Souvenirs: Einkaufsmöglichkeiten für kunstgewerbliche Artikel, wie Kupferwaren, Miniaturmalereien, Kalligraphien, Keramik, Emaillearbeiten, handbedruckte Baumwolltischdecken u.a. bestehen in den traditionellen Basaren, wo man handeln sollte, während diese in den offiziellen Geschäften der Iranian Handicraft Organization, z.B. in Isfahan am Maidan-Platz oder in Teheran an der Vali Asr Strasse, zu angemessenen Festpreisen verkauft werden. Weitere typische Mitbringsel sind  Pistazien und Kaviar, wobei dieser für ordnungsgemäße Ausfuhr (siehe Zollvorschriften) in staatlichen Läden, z.B. am Flughafen, gekauft werden muss. Juweliergeschäfte für den im Iran relativ günstigen Gold- und Silbeschmuck sind u.a. in Teheran in einer Passage an der Mirdamad-Strasse beim Maidane Madar-Platz zu finden.

 

Zollvorschriften: Die Gepäckkontrollen bei Ein- und Ausreise werden normalerweise großzügig gehandhabt. Junge Damen der Tourismusbehörde assistieren zusätzlich den ausländischen Reisegruppen. Wie bereits erwähnt, ist die Einfuhr von Alkohol verboten. Dies gilt auch für Literatur / Zeitschriften mit freizügigen Bildern und generell für bespielte Videos, DVDs, CDs, und Musikkassetten. Eine Kamera mit Filmen und ein Videogerät mit unbespielten Kassetten können Sie jedoch in den Iran mitnehmen.

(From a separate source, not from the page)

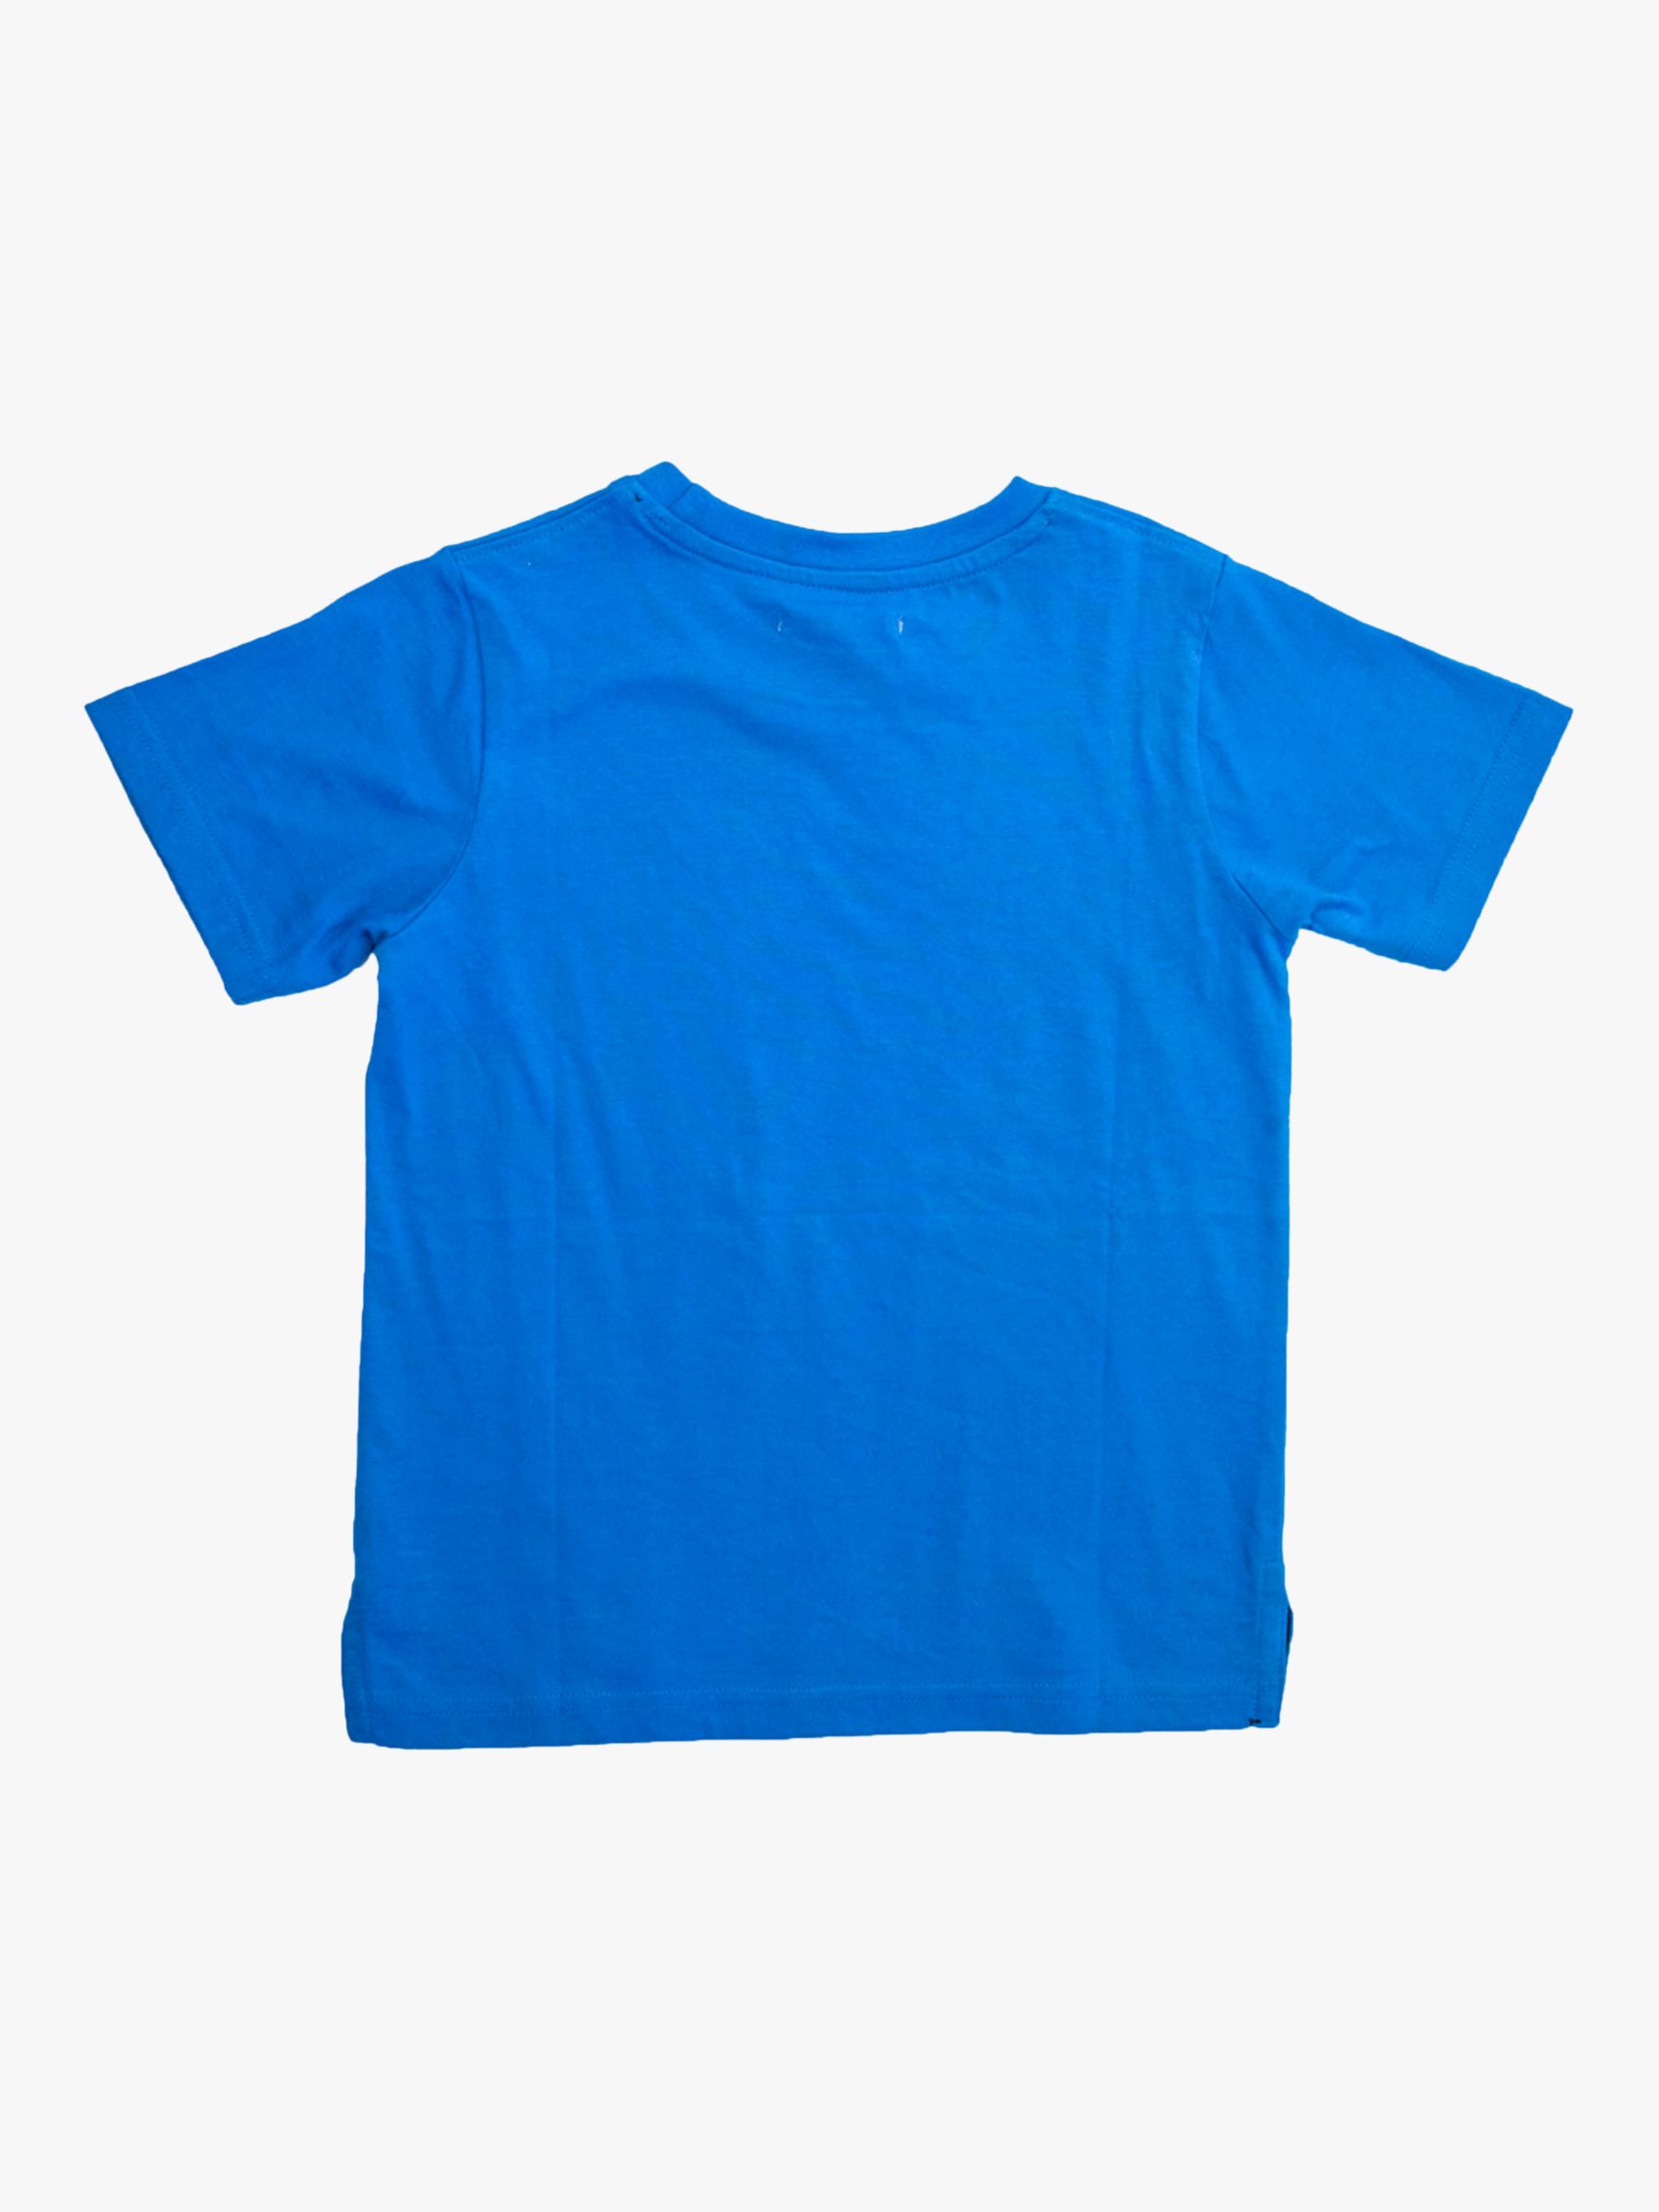 Angel & Rocket Kids' Jayden Smiley Face T-Shirt, Blue at John Lewis ...

Die Ausfuhr von Antiquitäten ist verboten. Mitnehmen können sie aber neueres Kunsthandwerk, Teppichen bis zu 12 qm und Kaviar, wenn er in staatlichen Läden im Flughafen mit Devisen erworben wurde. Weitere Auskünfte geben Ihnen gerne die Reiseleiter von Iran Doostan Tours.   

 

Hinweise: Hinweise des deutschen Auswärtigen Amtes zum Iran finden Sie im Internet unter http://www.auswaertiges-amt.de/www/de/laenderinfos/laender/laender_ausgabe_html?type_id=3&land_id=63

 

Empfehlenswerte Literatur:

Mahmud Rashad: Iran (Kunst-Reiseführer) Verlag Dumont

Hartmut Niemann: Iran (Reisehandbuch) Know-How Vlg.